The Prince & the Starchitects, A Tale of Hypocrisy

Chelsea Barracks Apartments (rendering)/Images: Rogers Stirk Harbour + Partners
Chelsea Barracks Apartments (rendering)/Images: Rogers Stirk Harbour + Partners

The champagne jetset of international architecture have put down their caviar spoons to show their distain for the virtually powerless British aristocrat Prince Charles, who is poo-pooing a proposed apartment complex in London designed by Richard Rogers’ firm.

In response to the prince’s criticism and what they term “behind-the-scenes lobbying” a who’s who of contemporary architecture–Lord Foster, Zaha Hadid, Jacques Herzog and Pierre de Meuron, Jean Nouvel, Renzo Piano, Frank Gehry, Sir Nicholas Serota, Richard Burdett, David Adjaye, Deyan Sudjic (Director, Design Museum)–have penned, or forced their staff to pen, a letter to London’s Sunday Times suggesting that:

…the prince should not be used to skew the course of an open and democratic planning process that is under way.

Poor Zaha and Jean and Jacques, they must feel as oppressed as their underpaid staff and the migrants who build their buildings…but I digress.

Time Magazine‘s Richard Lacayo mentions that the Prince of Wales’ letter was addressed to someone who the starchitects should know very well:

…the developers behind the project, who happen to be members of the royal family of Qatar

So, let me get this straight. The starchitects are bitching that the Prince is lobbying the royal family of Qatar? Well, it’s his perogative isn’t it? Even if you disagree with Prince Charles’ taste in architecture, and I definitely do, you can’t help but see the hypocrisy of these starchitects who have worked for autocrats all over the globe (think China’s Olympic propaganda architecture by Herzog & Meuron, towers in the Gulf States, and Hadid’s mausoleum for an Azeri dictator) now expounding the value of Western democratic institutions.

People who will pimp themselves to any corrupt regime shouldn’t cry foul when an politically impotent royal insists on being heard.

I liked the comment by Cameron Sinclair, co-founder of Architecture for Humanity, who at a recent conference at the Barbican declared:

…when he found out that Zaha Hadid had been invited to talk about ethics in architecture he equated that with asking “Robert Mugabe to talk on Human Rights”.

Ouch!

Thankfully a number of people have already declared the end of the era of starchitecture…our gilded (or was it platinum?) age is over. Good riddance.

Also:

(all via the fantabulous Richard Lacayo at Time)

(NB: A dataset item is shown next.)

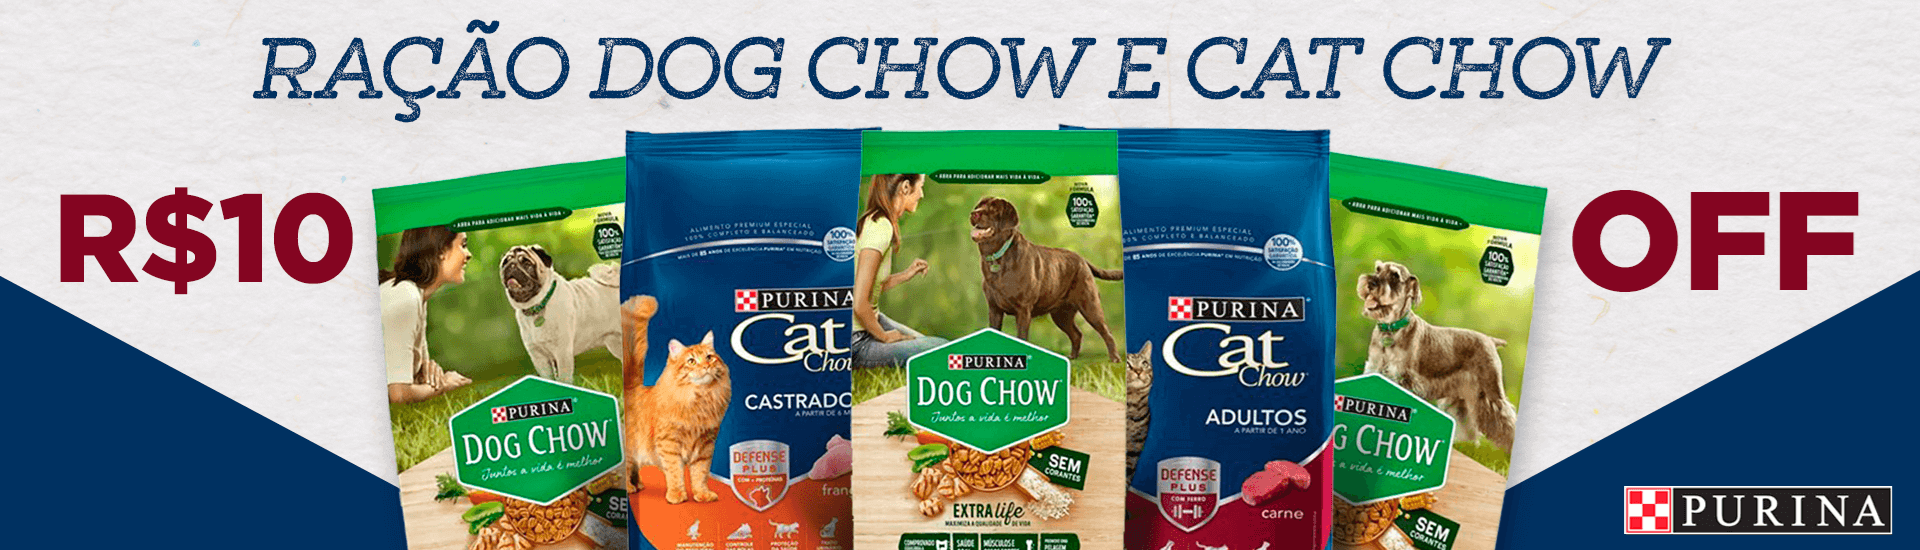 CatChow e DogChow

2 responses to “The Prince & the Starchitects, A Tale of Hypocrisy”

  1. wilson Avatar
    wilson

    Let us guard and keep the deposit entrusted and turn away from the irreverent babble and chatter, with the vain and empty and worldly phrases, and the subtleties and the contradictions in what is falsely called knowledge and illumination.He (Prince of Wales) can transmit and entrust [as a deposit] to reliable and faithful men who in turn will be competent and qualified to teach others also.THE BIBLE

  2. Slobodan Grašić Avatar
    Slobodan Grašić

    Bravo! Rem acu tetigisti. Thank you for this concise and substantial article.